Examples of real battle emcee are Canibus, Nas, Ras Kass, our very own Mwafrika, Chiwawa, L-Ness, among others. Nameless should borrow a leaf from them and especially from the song Dc na Sisi from Mau Mau which though not aimed at anyone was a classic battle rap.

So long as rap remains, emcee battles will never end. So long as nobody is hurt or killed (physically), its natural to destroy and rebuild which to an extent spurs creativity as it was witnessed with Kleopto.

Death of Rap and Lingala: Appeared in Buzz(Sunday Nation) on 7th August 2005

Back in the days when there were two FM stations, Metro FM used to be everyones favourite.
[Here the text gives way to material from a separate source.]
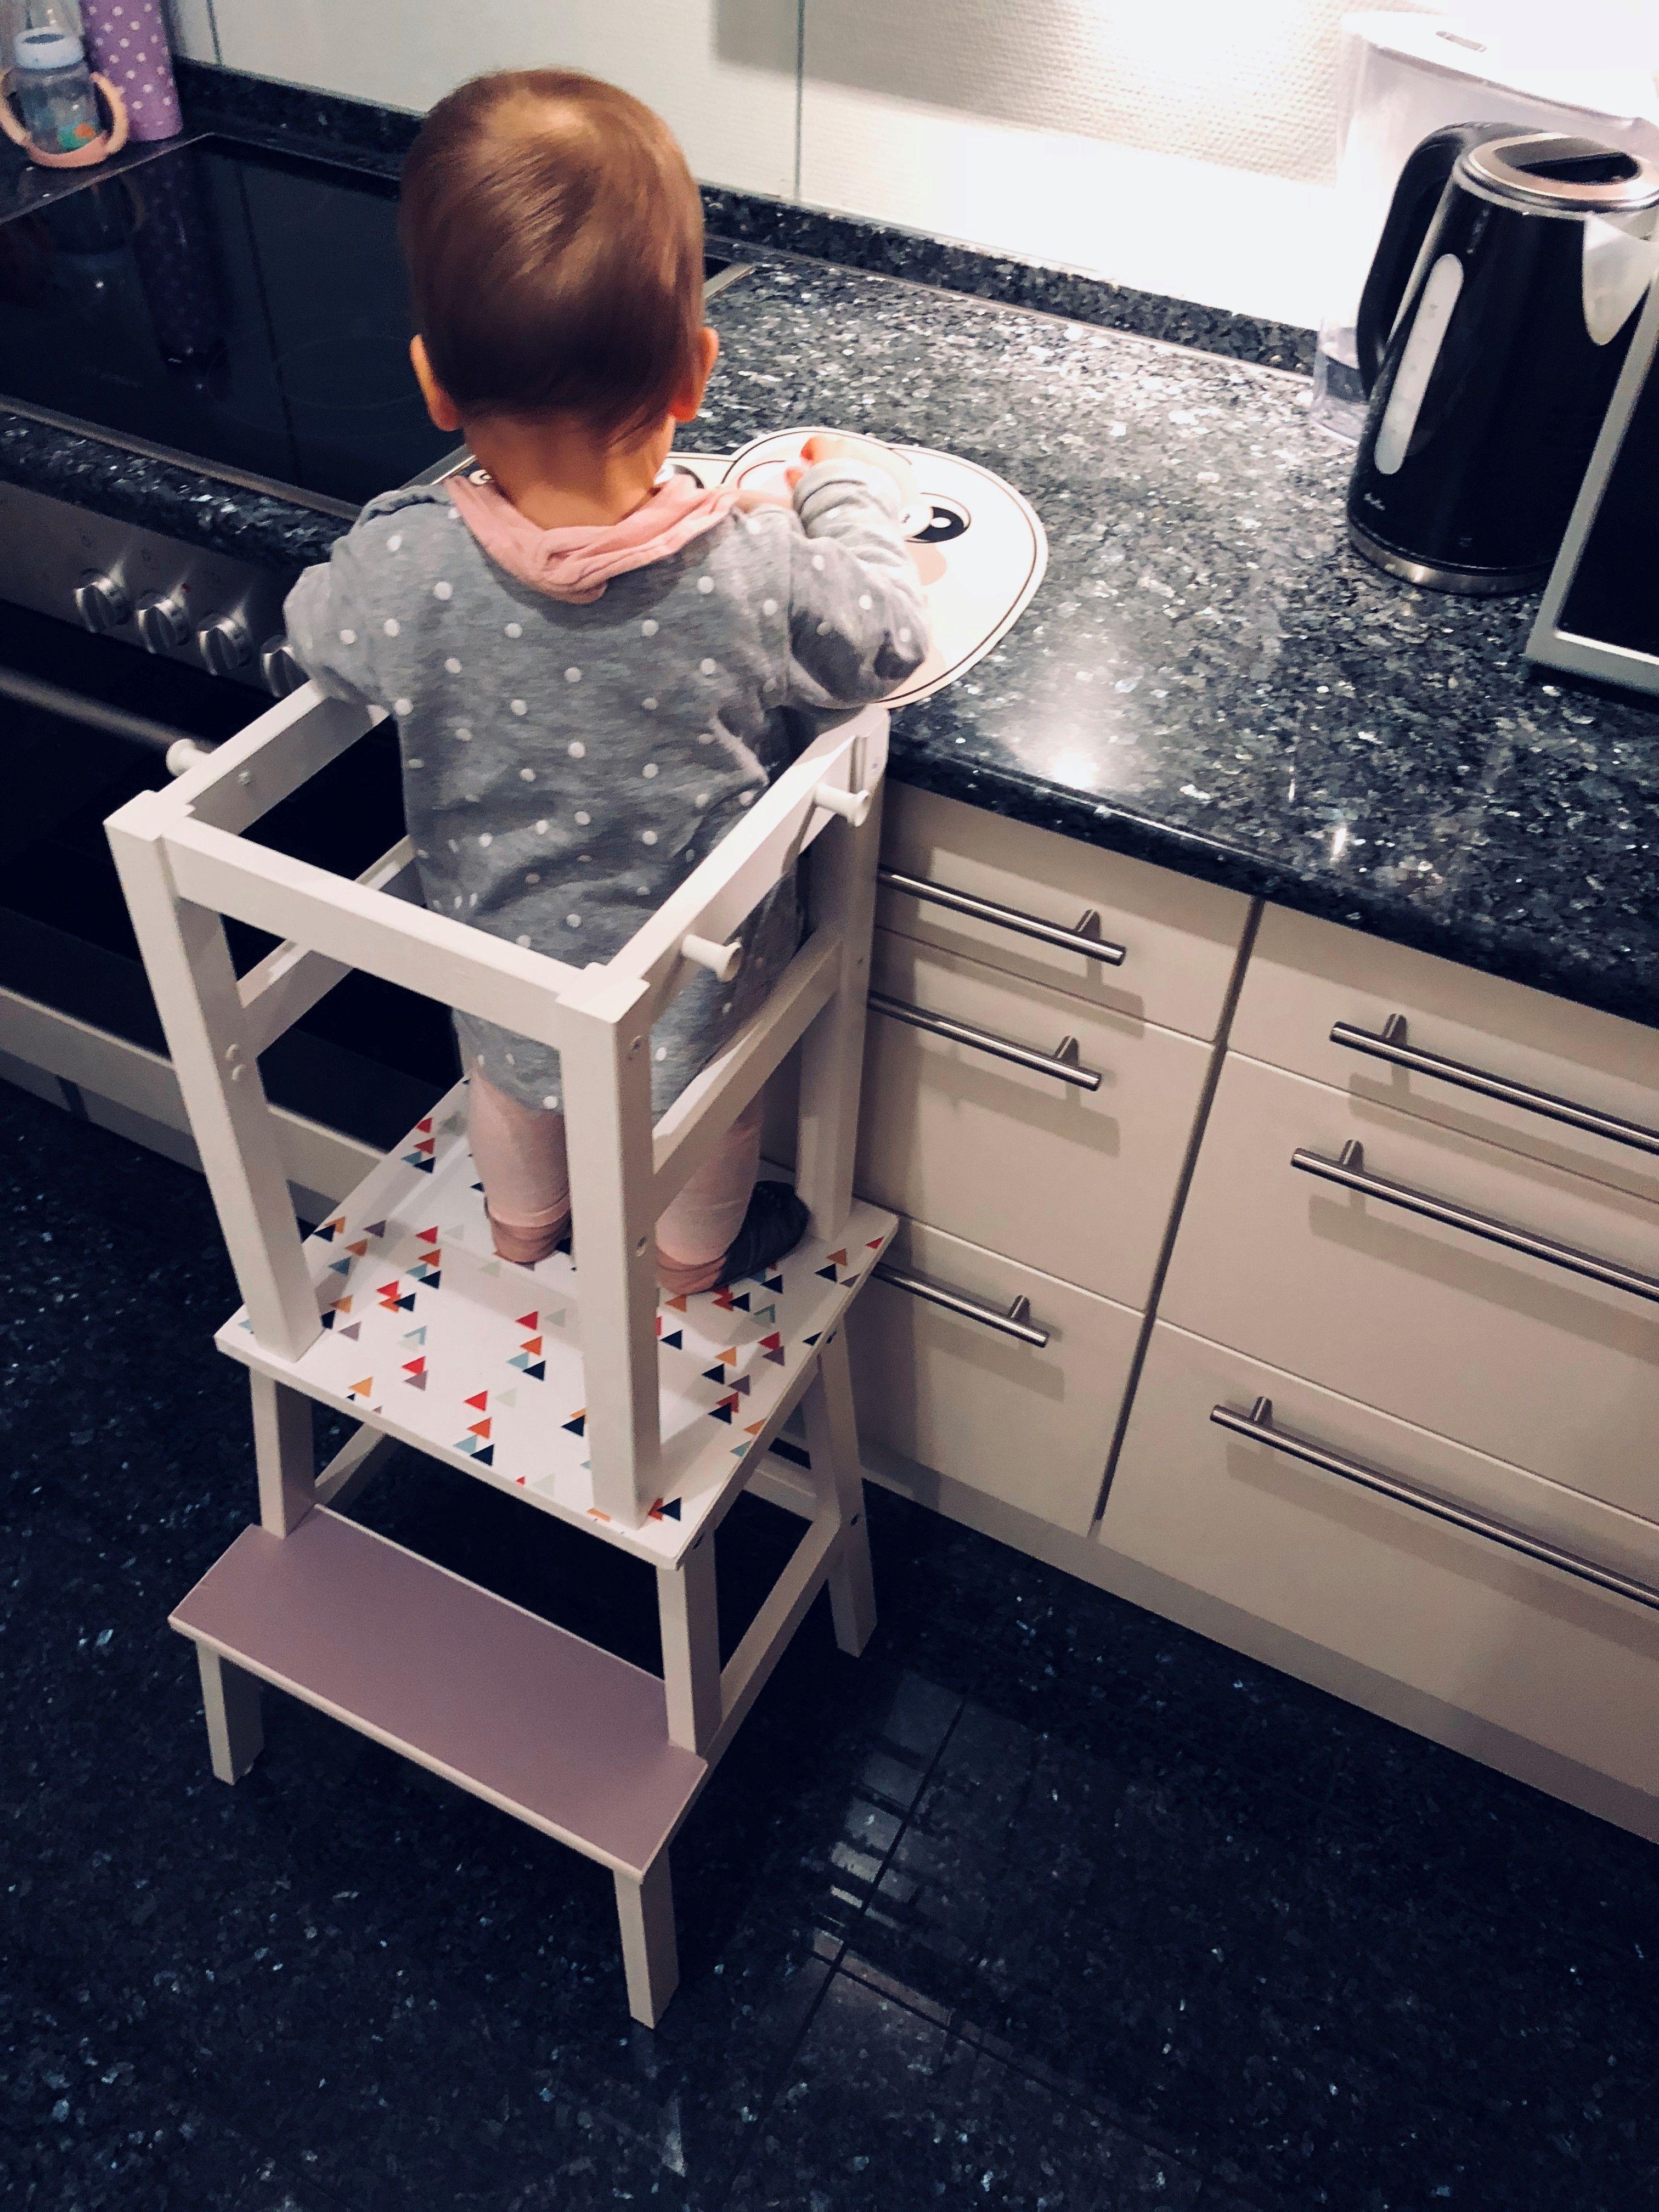 Küchen Life Hacks | Ordnung Küche Hacks Ikea Ordnung Küche

They captured every age and almost everyone coz they played almost every music genre.

My favourite shows were the "metro love zone' and 'the afternoon switch'. Everyone got to admit Metro's love zone was the best late night show we had. Kool R&B used to sooth our tired souls leaving us smitten. Another show that rocked was the afternoon switch. This is the show that introduced Kshaka, N.N, GidiMaji, Majizee, Ksouth, Hardstone among other hiphop pioneers to us. The show played underground local/International hiphop to the delight of real rap funs. I was one of those who never missed the show if I wanted to know a new local artist. They played the kind of rap you will never hear in any other station with the exception of Da Joint (Y fm) and Eve D Souza's 'Hits not Home Work'

Now that the station has decided to go Reggae 24/7, I think its a big blow to the slowly dying R&B and of course a another nail in the coffin for local and international underground hiphop.he impact of this will be felt by people who love hardcore rap that got consious lyrics. Ask most the underground cats and you will hear their musical careers have come down with it. There will be no more Muki Garang, most of Ukoo Flani Maumau music, and most of Ksouth oldies among others.

Its also the last nail on the coffin for the long dead lingala, and Caribbean music that the station played. Reggae is rising at a high rate because most kenyans are tired with local and international kapuka which is played over and over in major fm stations. However I got a problem with reggae coz of how local funs are violent during their shows. Y fm ofcourse now inherits most of the metro fm funs who loved the afternoon switch.